Ему бы следовало знать, что слава про этот родник пошла в мрачные времена папизма. И хоть ключ окрестили именем святого Ронана, я никогда не поверю, чтобы этот добрый человек отвечал за такой источник. Мне говорили знающие люди, что он вовсе и не католик был, а просто талдей, или халдей, или вроде того. А не выпить ли вам еще чашечку чаю, мастер Фрэнси? С кусочком бисквита? Я его пеку на домашнем масле, а не на остатках кухонного жира, как все то, что продают внизу у кондитера. У него в печенье больше дохлых блох, чем тмину. Нечего сказать, кондитер! Пусть мне дадут на пенни ржаной муки, да еще на пенни патоки, да два‑три зернышка тмина, и я напеку сластей получше тех, что выходят из его печи.

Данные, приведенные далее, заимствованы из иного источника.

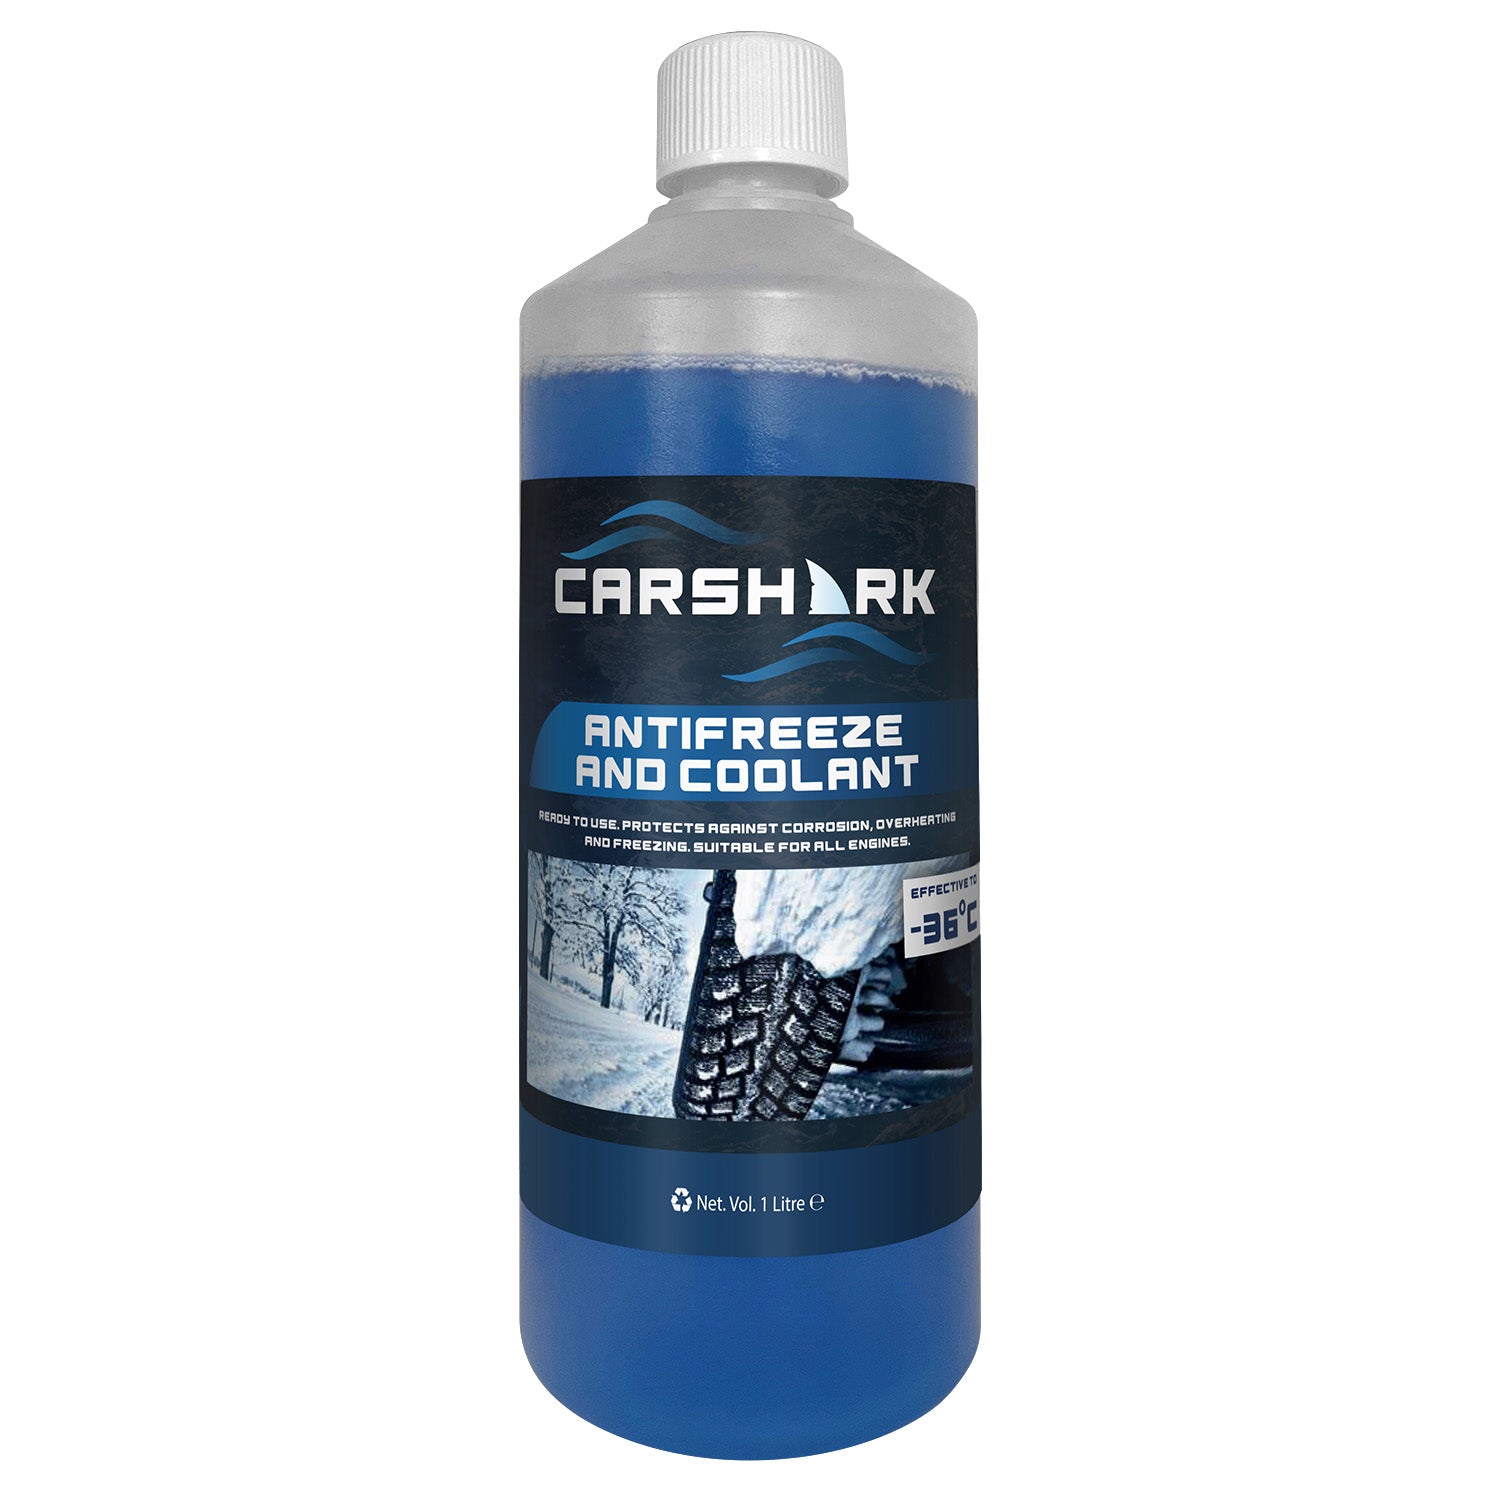 CARSHARK Antifreeze and Coolant 1 Litre -36°C Ready to use
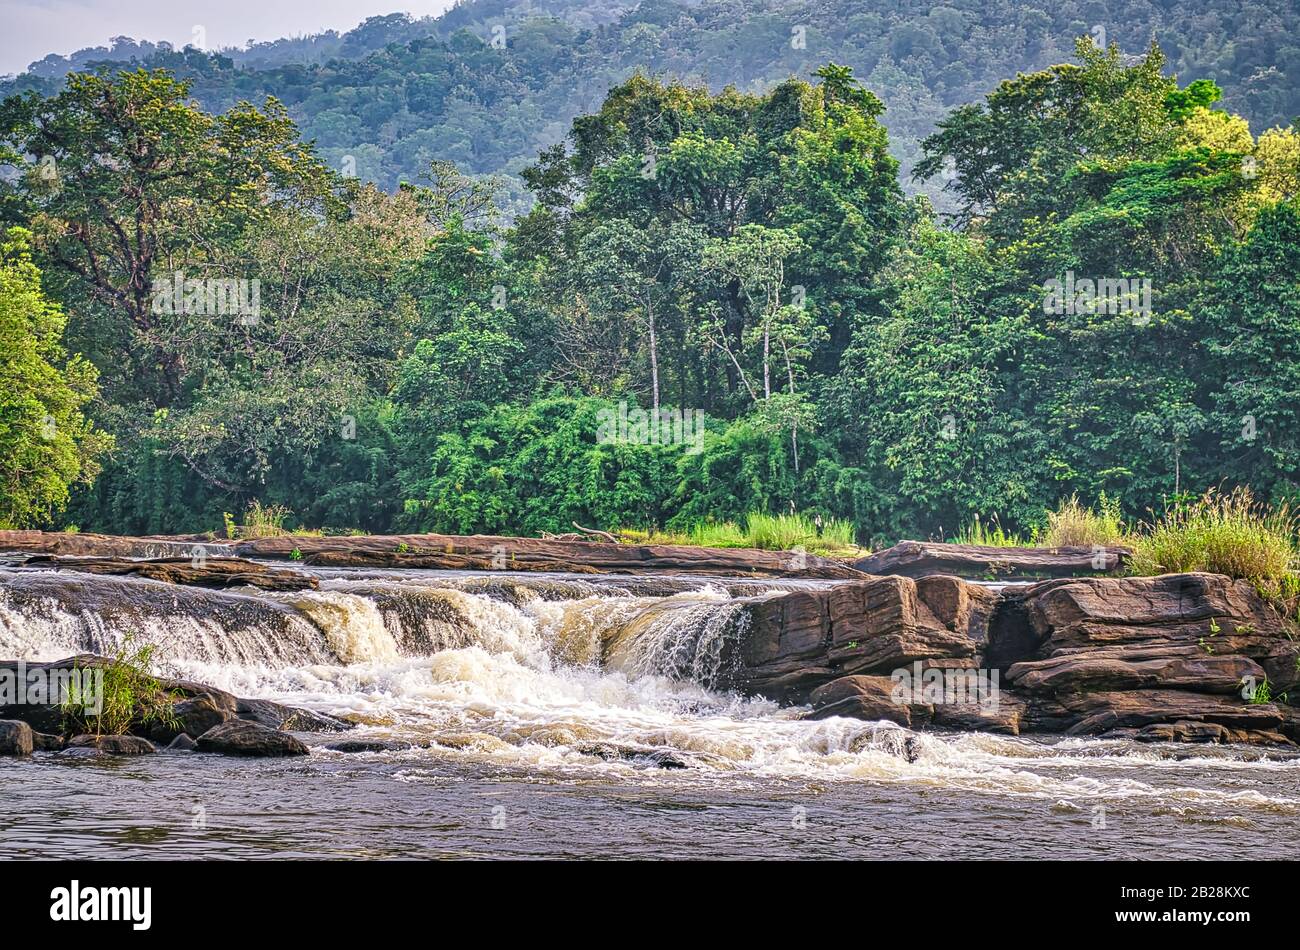 Waterfall through rocks in a river banked by thick green vegetation in Kerala, India. Stock Photo

– Ничуть не сомневаюсь, миссис Додз, – согласился постоялец. – Дивлюсь только, как удалось обосноваться здесь чужим людям, когда тут есть такая давнишняя и хорошо известная гостиница, как ваша. Все дело, вероятно, в минеральной воде. Но как случилось, хозяйка, что об этой воде вдруг заговорили?
– Не знаю, сэр.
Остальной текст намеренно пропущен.